SUPPLIED INFORMATION Block Start
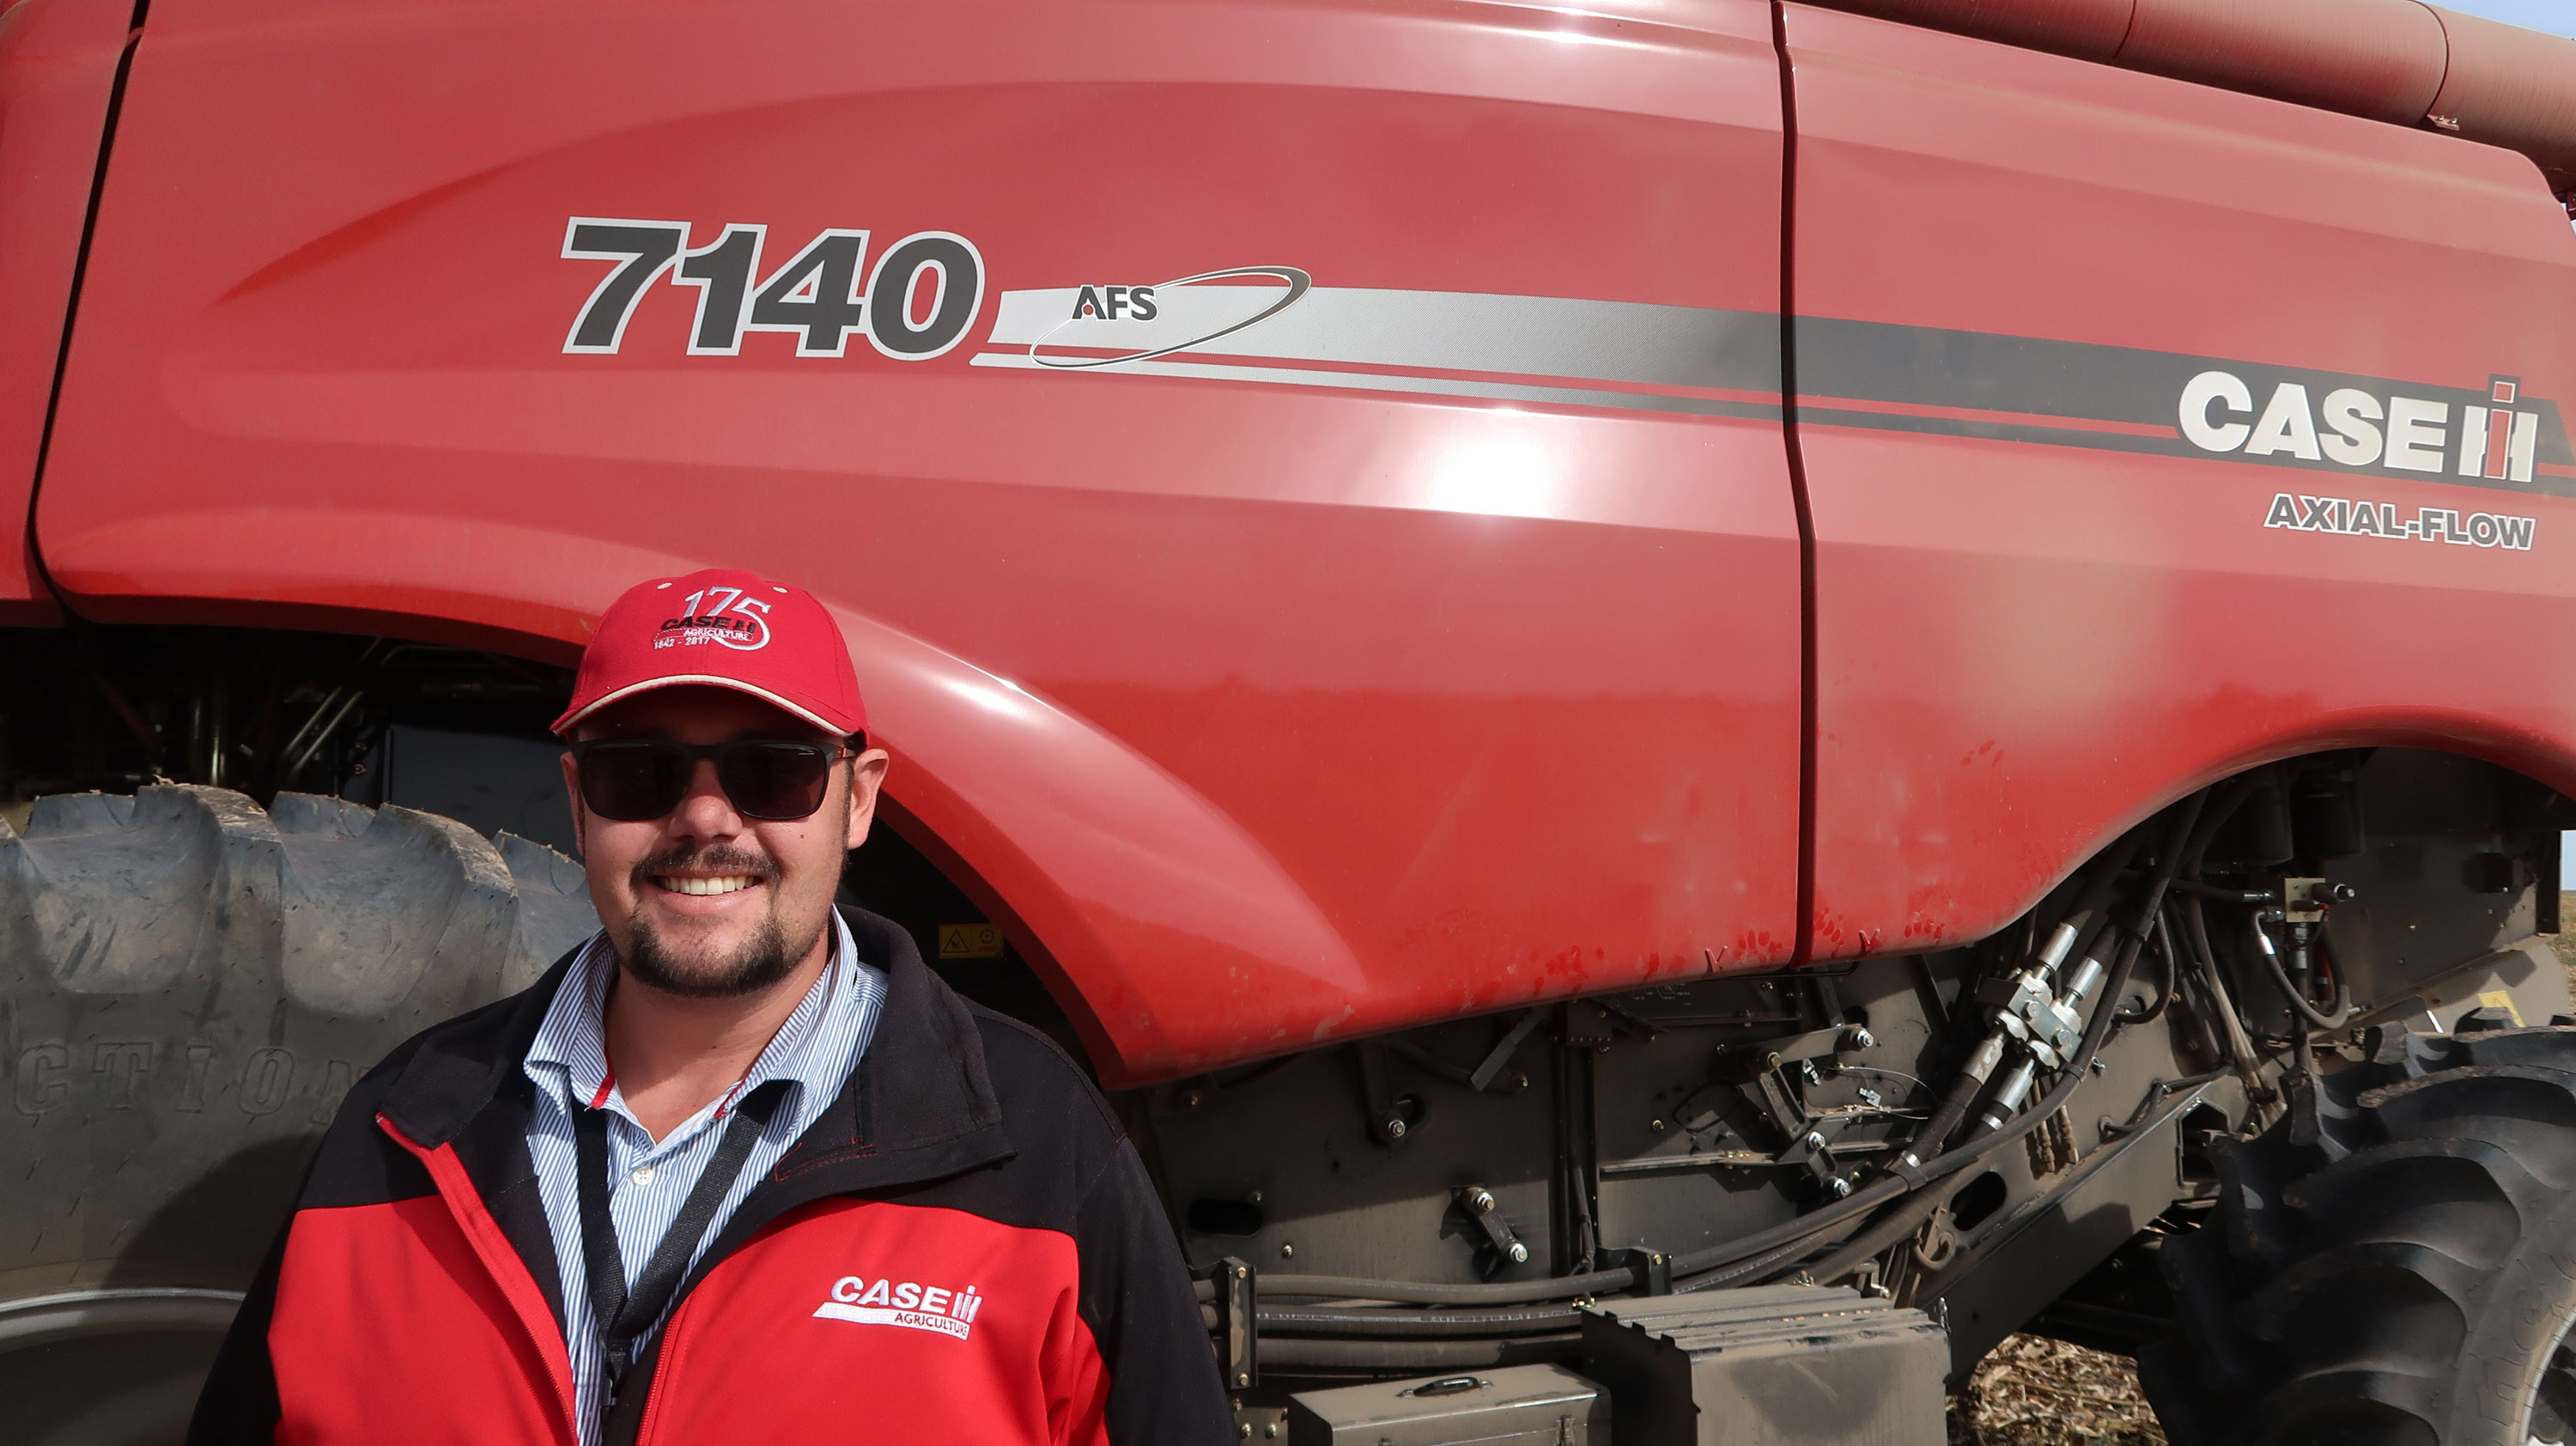 CASE IH PROVIDES HANDS-ON SALES TRAINING OPPORTUNITY
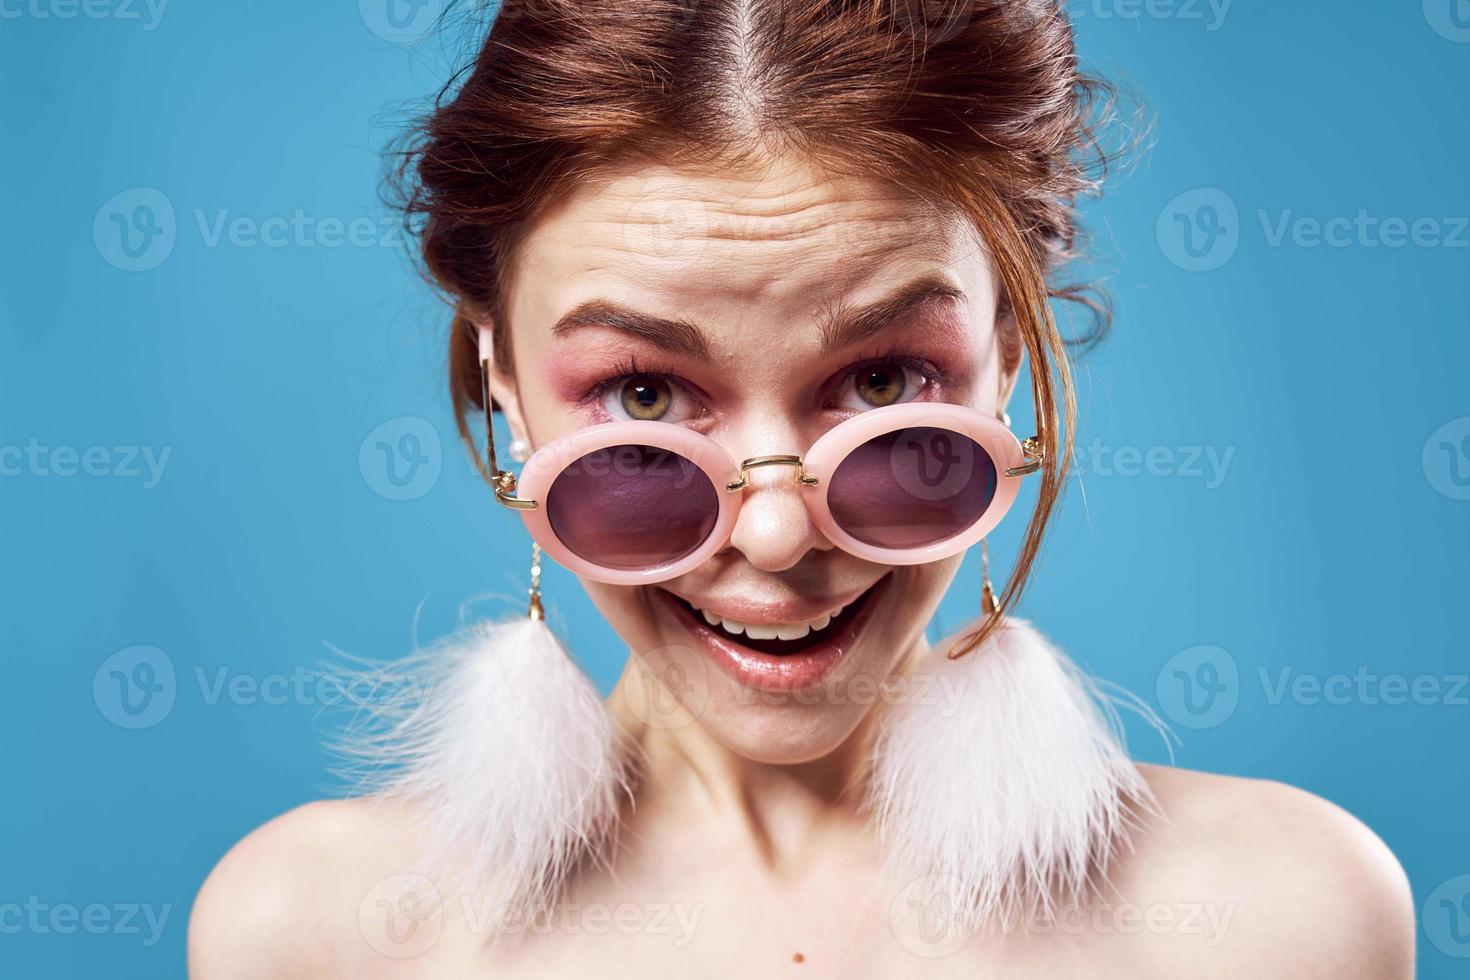 emotional woman wearing sunglasses fluffy earrings jewelry close-up blue background photo
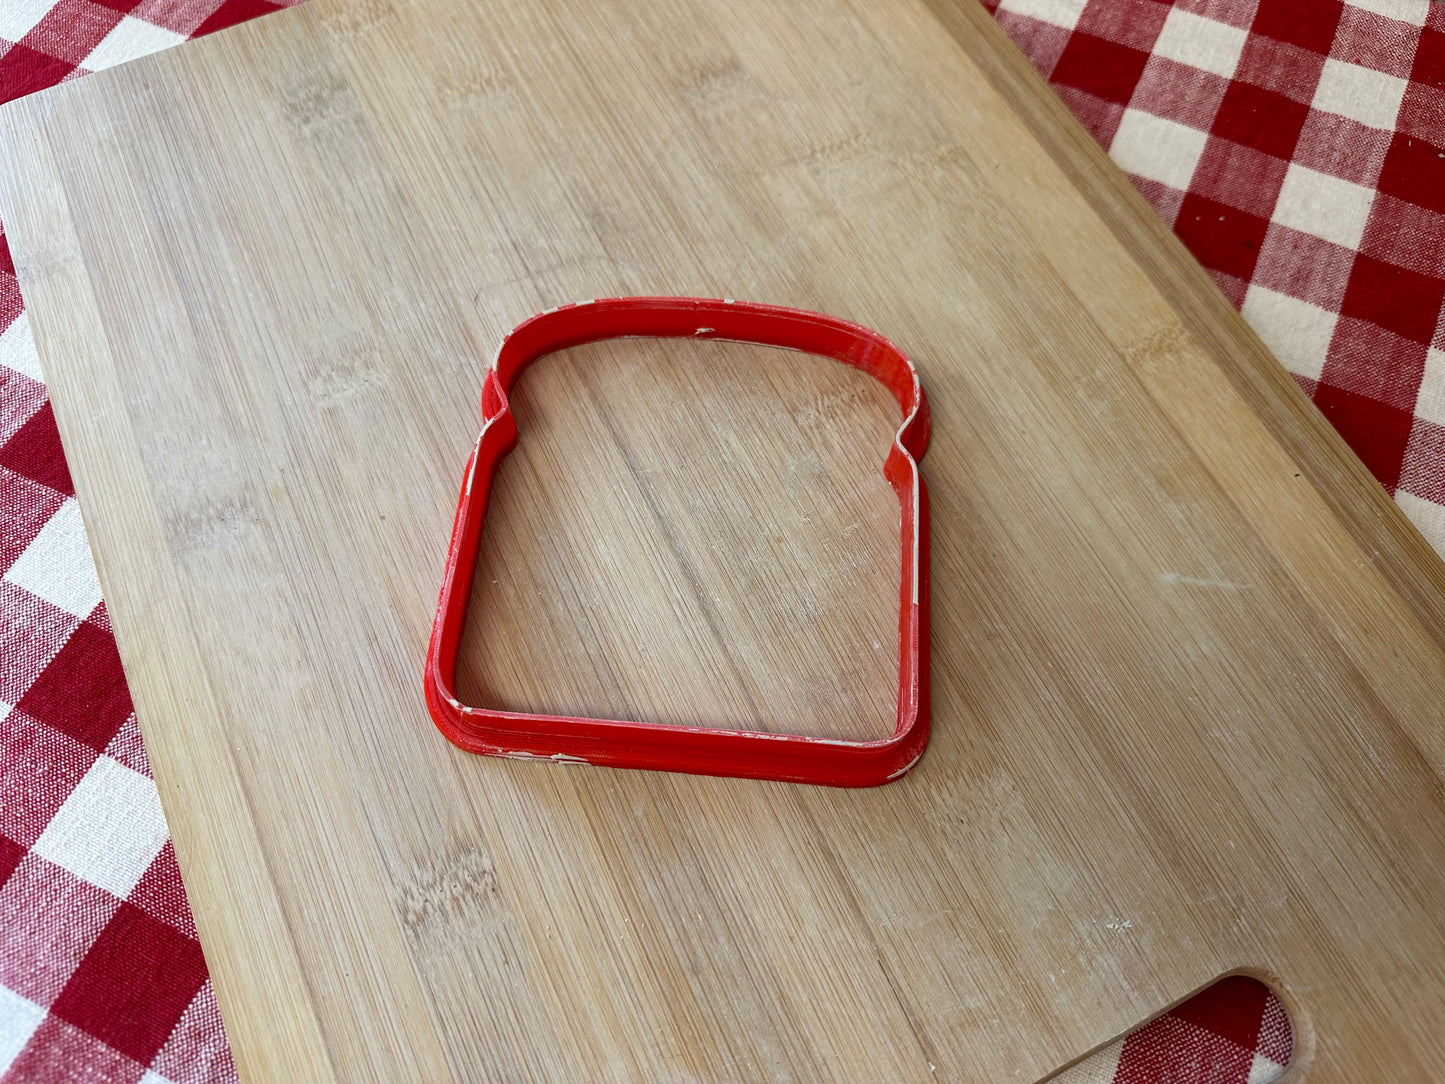 Toast, Bread Slice shaped Clay Cutter, sandwich plate - Plastic 3D printed, pottery tool,  choose size
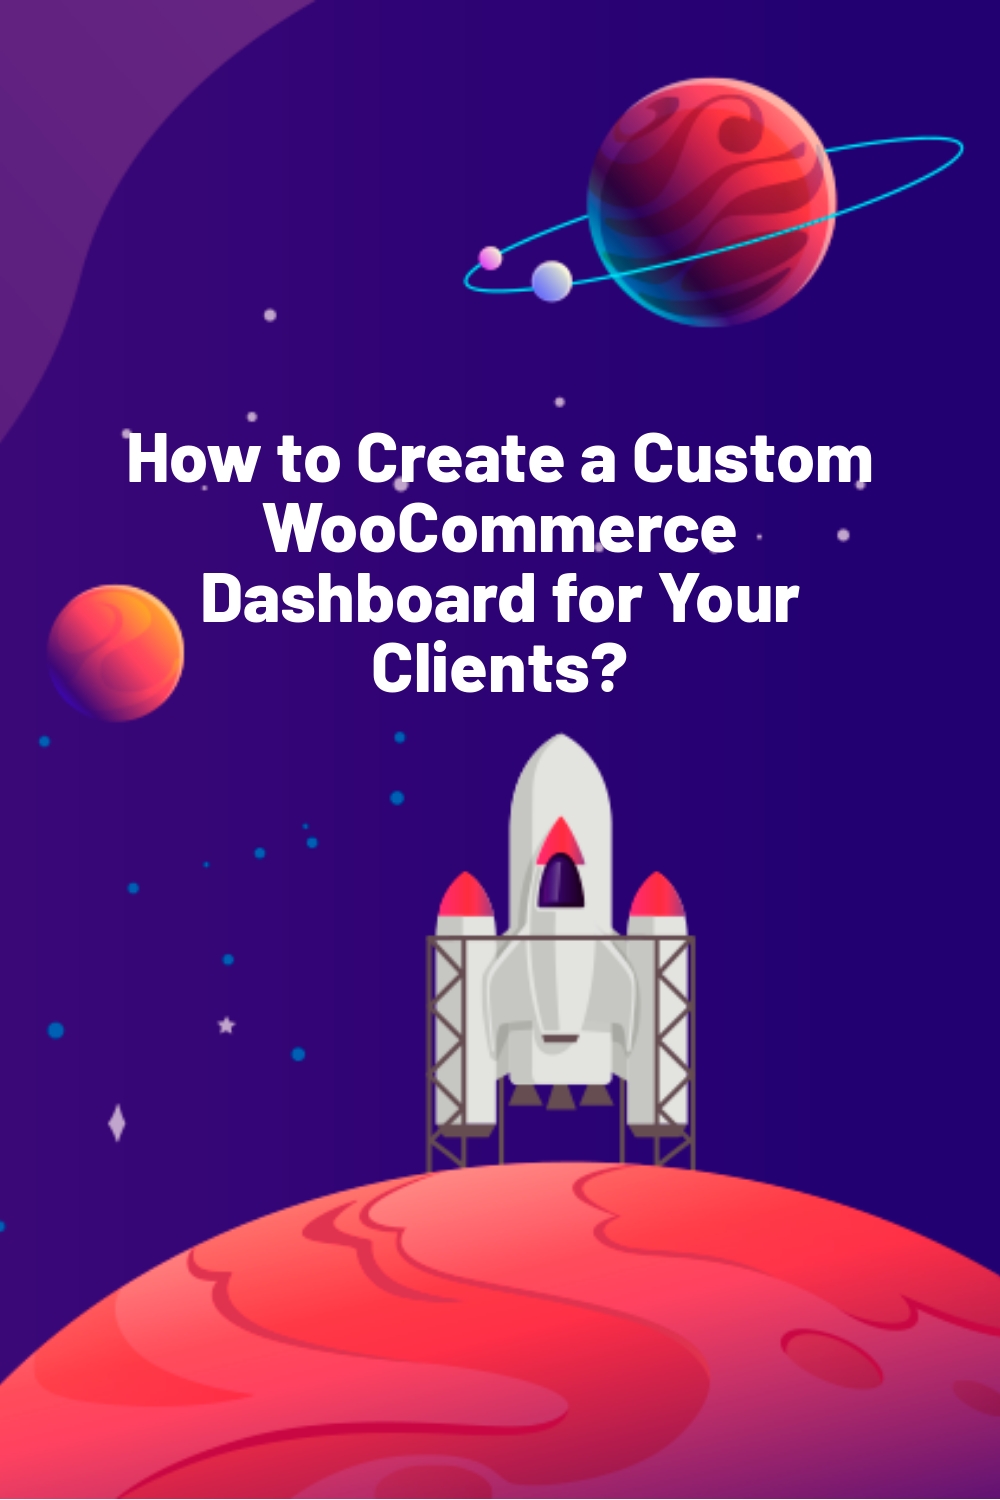 How to Create a Custom WooCommerce Dashboard for Your Clients?
SUPPLIED INFORMATION Block End
PROMPT
Apart from the pictures, repeat the data above exactly.

SOLVED EXERCISE
 CASE IH PROVIDES HANDS-ON SALES TRAINING OPPORTUNITY
 emotional woman wearing sunglasses fluffy earrings jewelry close-up blue background photo
 Toast, Bread Slice shaped Clay Cutter, sandwich plate - Plastic 3D printed, pottery tool,  choose size
 How to Create a Custom WooCommerce Dashboard for Your Clients?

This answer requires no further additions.